Laskin, who had served in the Assembly with Wilentz, held out until the day of the official vote. Having extracted concessions from both Wilentz and Kean to ensure that all New Jersey judges live in the state, Laskin cast the deciding vote for Wilentz's retention as chief justice. Wilentz reassured Laskin and Kean that he would move back to New Jersey once his wife's condition improved. Laskin referred to the vote as "the most difficult day I've ever had in the legislature."

==== 1991 defeat ====
In 1988, Kean nominated labor leader George Norcross to the state racing commission, but Laskin used senatorial courtesy to block the appointment. As a result, when Norcross's son George III became Democratic county chairman in 1991, he sought revenge against Laskin.

Despite a Republican landslide in the 1991 elections fueled by voter anger at a $2.8 billion tax increase, Laskin was the sole incumbent Republican legislator defeated, although both of his Assembly running mates were re-elected. He faced a late blitz of television advertising in the Philadelphia media market attacking him and supporting his opponent, Cherry Hill councilman John Adler. The Adler campaign and the Democratic Party spent a record amount on the election, airing ads during a Philadelphia Eagles game on Monday Night Football and Game 7 of the 1991 World Series. Funded partly by a $250,000 person loan from George Norcross III, the Democratic campaign deliberately began late to catch Laskin off guard and viciously attacked his record, such as a mailer which referenced Laskin's vote against an assault weapons ban with a chalk outline reading, "You could be next."

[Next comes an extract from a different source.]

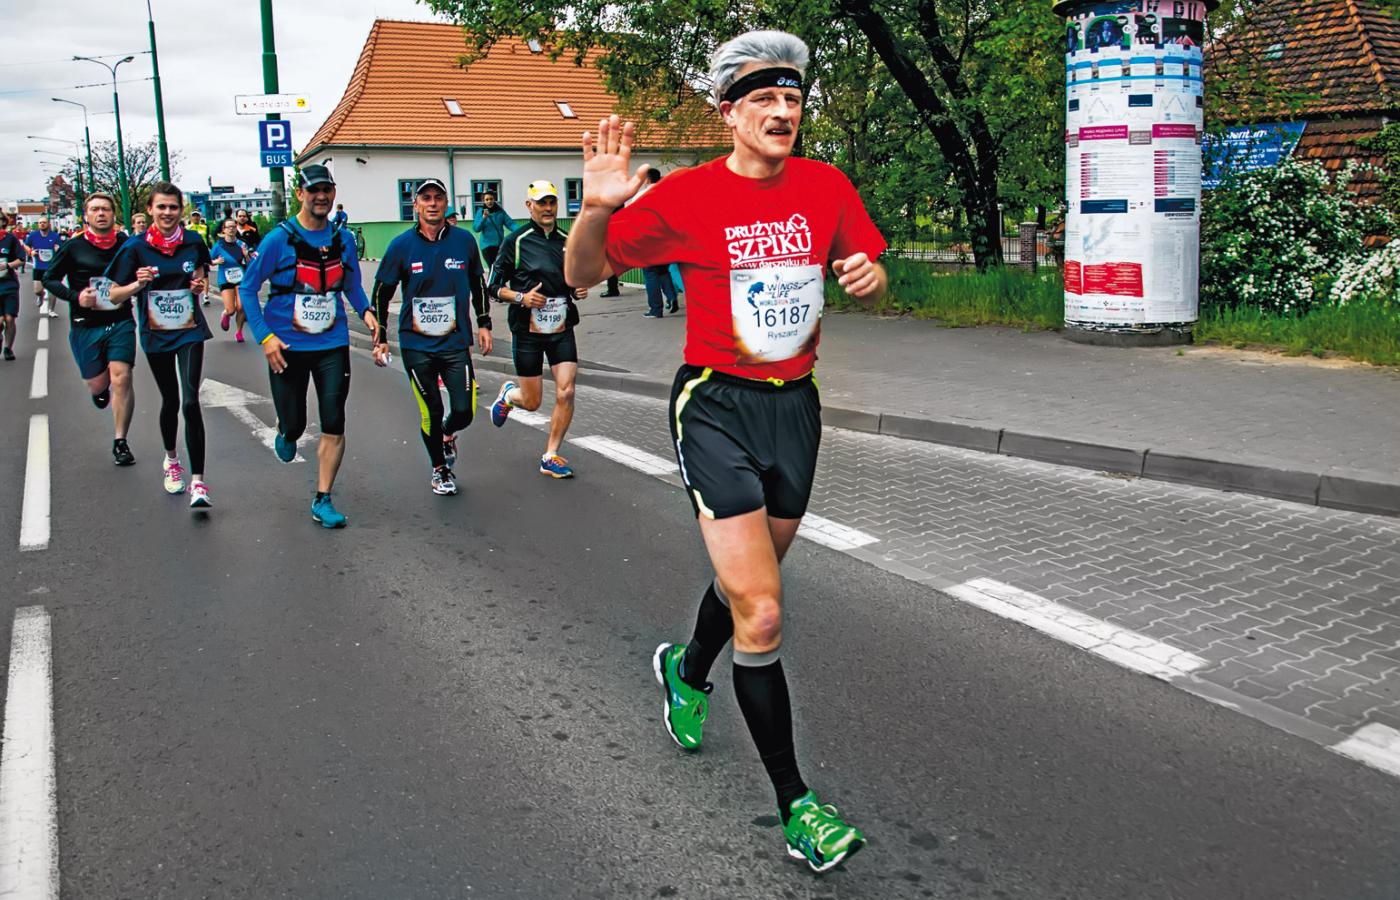 Prezydent Ryszard Grobelny, biegacz długodystansowy; Poznań, maj 2014 r.

Adler criticized Laskin directly for receiving "sweetheart patronage contracts" as a municipal attorney, calling the senator "parasitic and self-serving, the ultimate political hack." Laskin described Adler as "an absolute lunatic." Adler also charged that Laskin had used his office to distribute campaign advertising and cited Laskin's poor attendance record, which Adler claimed was related to his legal work.

== Judicial career ==
After his 1991 defeat, Laskin was widely expected to receive a judicial appointment as a compromise between Jim Florio and the new Republican senate majority. However, following allegations that the Republicans were blocking other Camden County nominees to force his nomination, Laskin had a heart attack in May 1993 and withdrew from consideration.

In July 1994, Republican governor Christine Todd Whitman nominated Laskin to a seven-year term on the New Jersey Superior Court, citing "his qualifications, his background... and things like temperament and demeanor." John Adler supported his nomination.

In September 1998, Laskin ruled that a set of seven embryos created by a couple while they were married should be destroyed after their divorce. The ex-husband had wanted the embryos retained so that they might possibly be implanted or donated, while the ex-wife petitioned for their destruction.

While retiring from the Superior Court in June 2006, Laskin was recalled multiple times to serve as a senior judge. He had been recalled every two years, with the final one beginning in 2014 and ending in 2016.

==Personal life and death==
He and his wife Andrea had a daughter, Shari, and three grandchildren, Samantha, Molly and Matthew Tarnopol. They had a son who died at age three.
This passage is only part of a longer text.